There are at least three layers of the puzzle to break the enigmatic code of AT2R function, which remain to be resolved by further structural, biochemical, and computational studies (Figure 2 ):

  • (1)

    On the molecular level, if AT2R signaling is not G protein and β arrestin mediated, what are the actual cognate proteins that recognize AT2R active state, and how are they connected to the downstream signaling via ERK1/2 and NOS?

  • (2)

    On the physiological level, what is the functional and physiological difference between the three known endogenous AT2R ligands: AngII, Ang(1-9), and Ang(1-7)? Do they confer similar signaling profiles or are they differentially biased to some downstream pathways against the others? How does AT2R signaling interact with other RAS pathways?

  • (3)

    On the pharmacological level, how do small molecule drug candidates like agonist C21 and antagonist EMA401 bind AT2R, inducing activation or blockade, and how can the structural information on these ligands be used to rationally design new, more potent and selective agonists and antagonists?

Figure 2.

Figure 2

Layers of AT2R Signaling Enigma

Several questions at physiological, molecular, and pharmacological levels remain to be answered to break the enigma code of AT2R function.
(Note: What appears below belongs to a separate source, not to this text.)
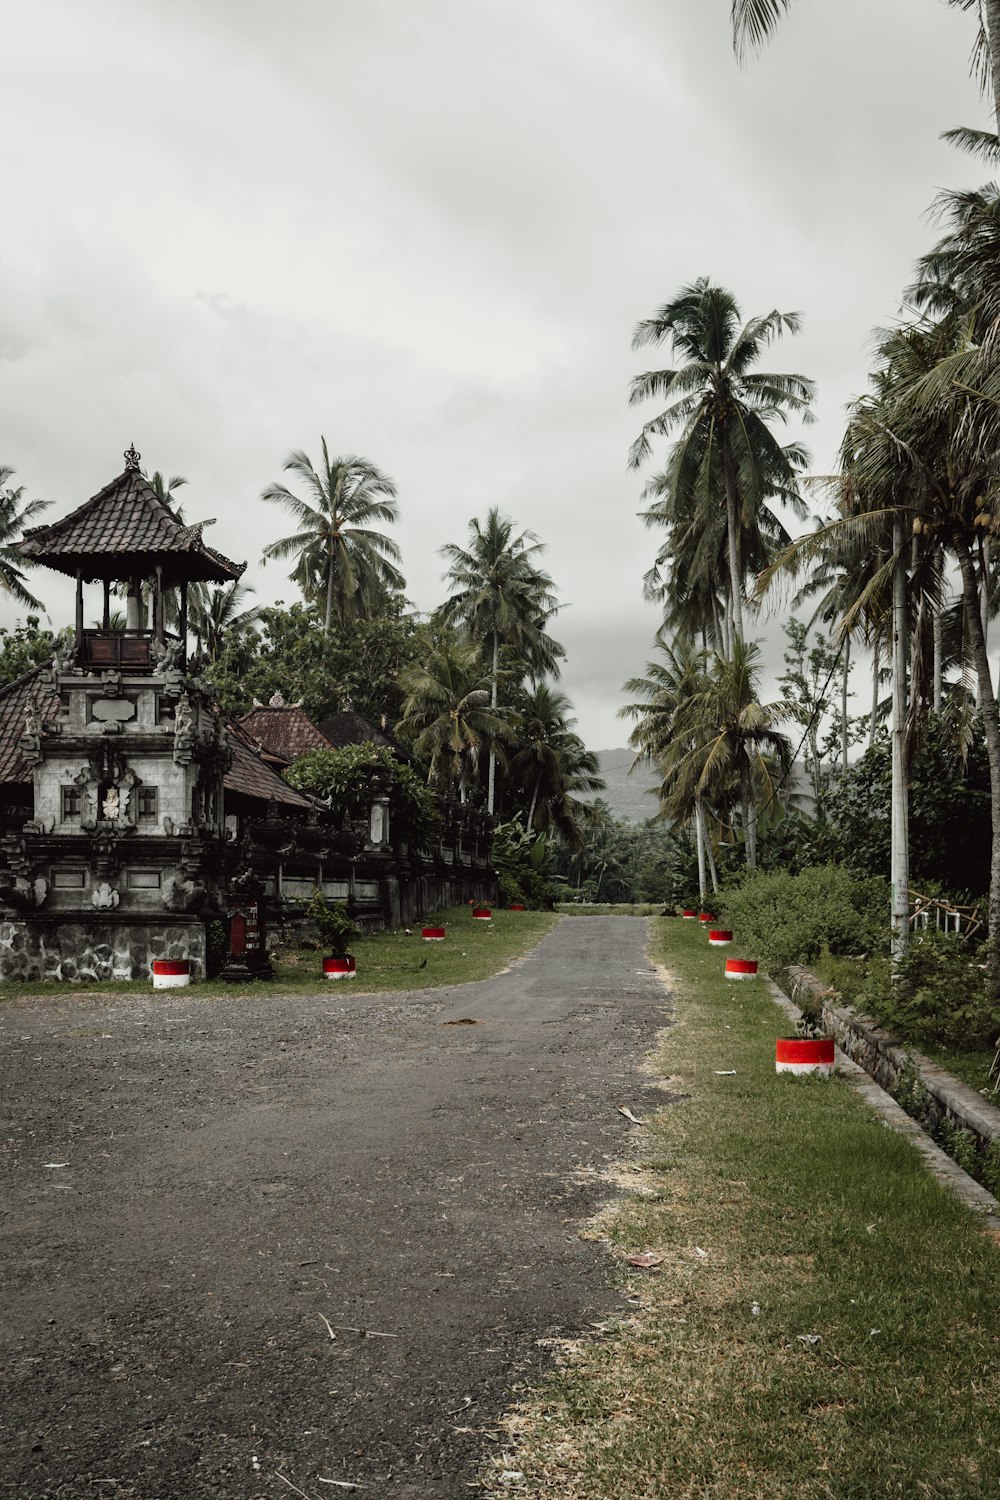 an old house in the middle of a road surrounded by palm trees

The answers to such questions require multidisciplinary studies including further structural and molecular dynamics analysis of AT2R complexes, expansion of the repertoire of AT2R-selective agonists and antagonists, and thorough characterization of their function. The rewards to breaking the AT2R enigma code will be high, as it would greatly facilitate the discovery of new AT2R-mediated therapies for major chronic conditions like neuropathic pain, stroke, Alzheimer’s disease, and cancer.